Surtout, cette partie montre les dernières évolutions du genre à l'ère de l'internet 2.0. On y découvre notamment deux clips interactifs du réalisateur québécois Vincent Morisset: Sprawl II et Neon Bible pour Arcade Fire. Les deux peuvent être modifiés par le spectateur à l'aide d'un ordinateur. Naturellement fier de retrouver ses oeuvres dans un tel cadre, Morisset croit que les clips interactifs sont appelés à connaître de beaux jours.

«Ça fait dorénavant partie du spectre des possibilités. Avec le temps, de plus en plus de créateurs seront à l'aise avec les outils et les technologies pour y arriver», explique-t-il de Los Angeles, où il donnait justement un séminaire sur la question.

Le réalisateur, qui a visité l'exposition, est particulièrement ravi de voir «comment la culture web sous toutes ses facettes y est présentée». En effet, une section intitulée «Remix» montre comment le grand public s'est réapproprié des clips au cours des dernières années pour faire des mashups (en mettant par exemple la musique de Vogue de Madonna sur les images du film plein de testostérone 300), des pastiches ou d'incontournables lipdubs.
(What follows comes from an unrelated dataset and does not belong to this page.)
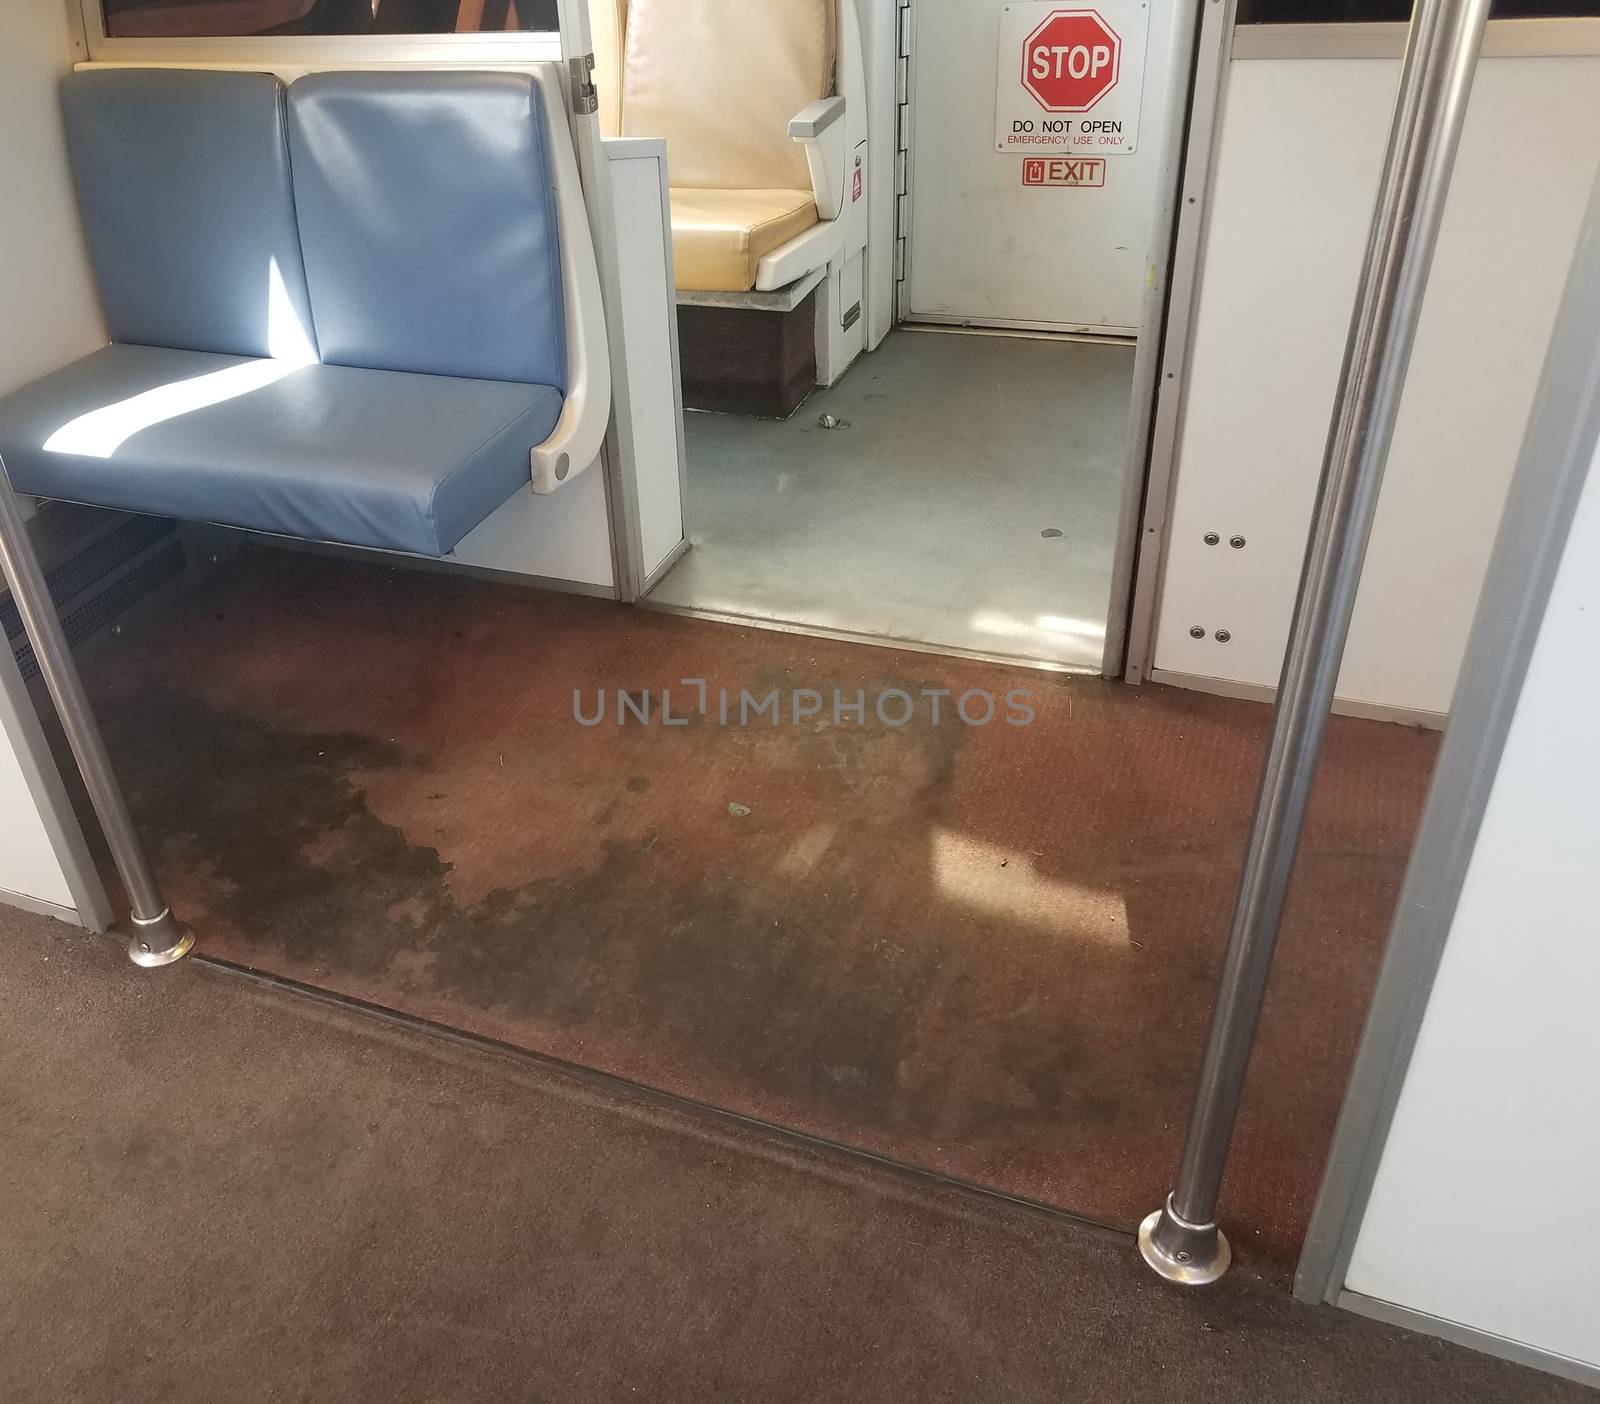 disgusting gross dirty carpet in public transportation train by stockphotofan1
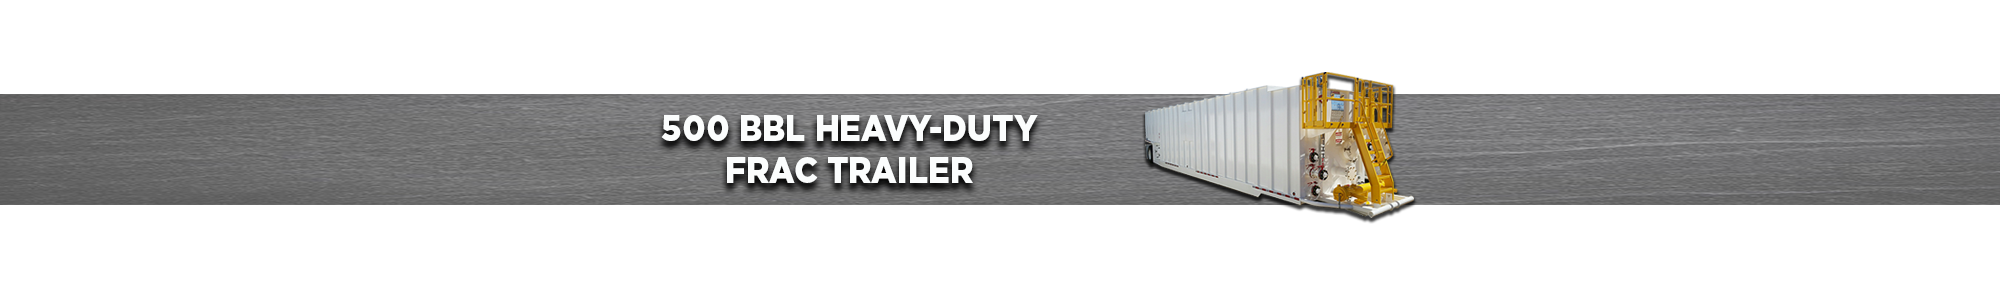 500 BBL Heavy-Duty Frac Trailer

«J'ai trouvé très intéressant que des projets façonnés par le public soient présentés dans un musée de renom. On pourrait croire que ce type de vidéo est un genre mineur, mais les conservateurs Jonathan Wells et Meg Grey ont reconnu avec justesse l'importance de ce changement de dynamique entre les spectateurs et les oeuvres à l'heure du numérique», souligne-t-il.

Spectacle: The Music Videoest présentée jusqu'au 16 juin.